A part ça, si l histoire et le développement de ce football ne sont pas politiques..?
Van Hooijdonk :)
fuoriclasse Niveau : DHR
Au delà de la grande valeur des joueurs évoqués, il est quand même bon d'apporter une petite précision concernant le milan de sacchi presque toujours identifié par les trois néerlandais.
Pour rappel, le seul scudetto remporté par arrigo avec son milan ac s'est fait l'année où il n'y avait que deux des éléments précités dans l'effectif, gullit et van basten. Et si on considère que marco a loupé une bonne partie de la saison pour blessure, cela relativise quelque peu l'impact qu'ont eu ces joueurs dans le championnat italien; leur légende se construisant surtout, plus tard, lors des victoires européennes contre bucarest et benfica.
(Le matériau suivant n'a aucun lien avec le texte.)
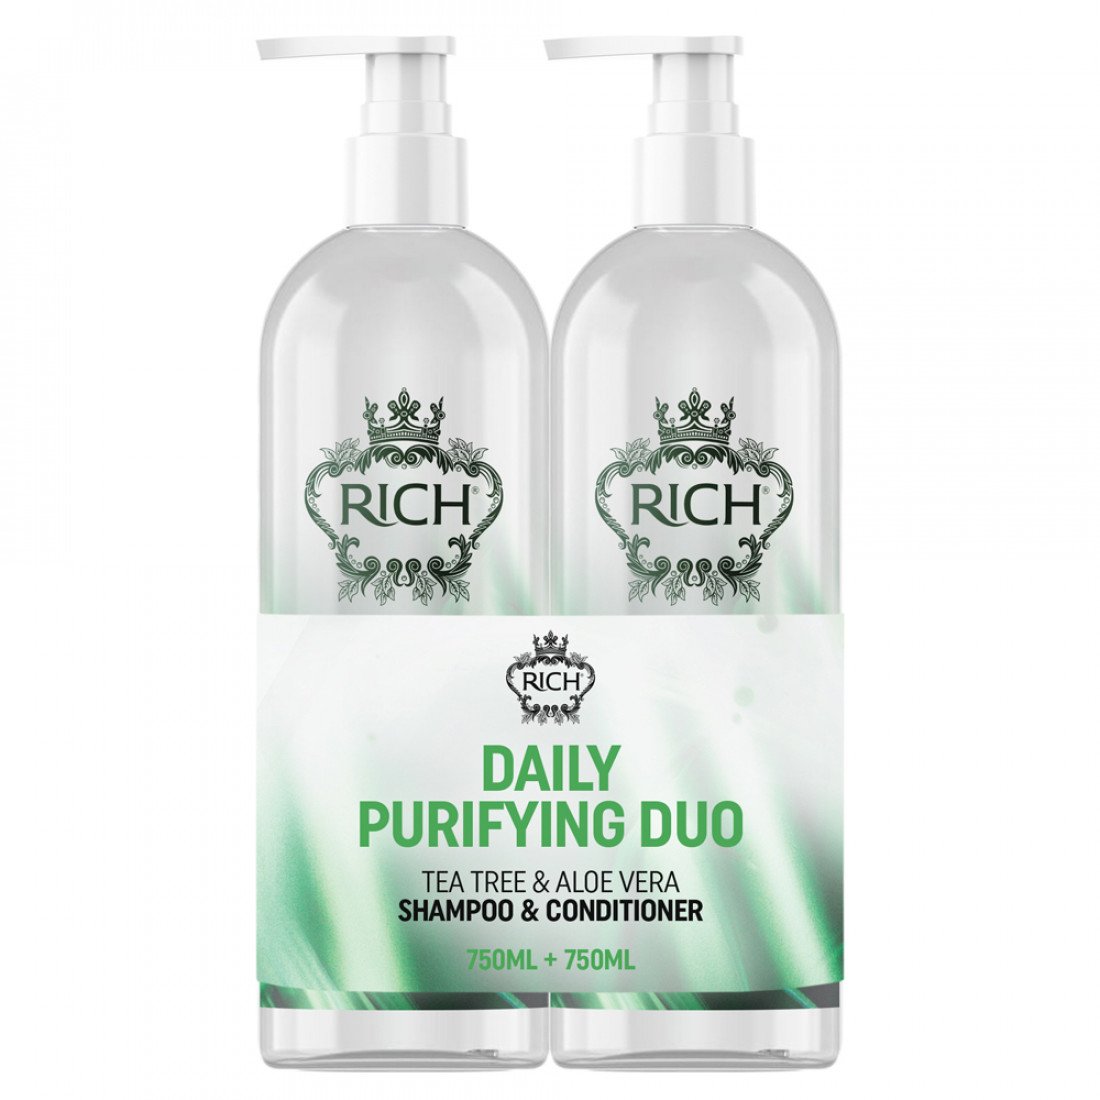 RICH Pure Luxury Daily Purifying Duo

Message posté par fuoriclasse
Au delà de la grande valeur des joueurs évoqués, il est quand même bon d'apporter une petite précision concernant le milan de sacchi presque toujours identifié par les trois néerlandais.
Pour rappel, le seul scudetto remporté par arrigo avec son milan ac s'est fait l'année où il n'y avait que deux des éléments précités dans l'effectif, gullit et van basten. Et si on considère que marco a loupé une bonne partie de la saison pour blessure, cela relativise quelque peu l'impact qu'ont eu ces joueurs dans le championnat italien; leur légende se construisant surtout, plus tard, lors des victoires européennes contre bucarest et benfica.


Vous vous trompez Rijkaard était bien là pour le scudetto de 1988 il était arrivé au mercato de janvier en provenance de Saragosse.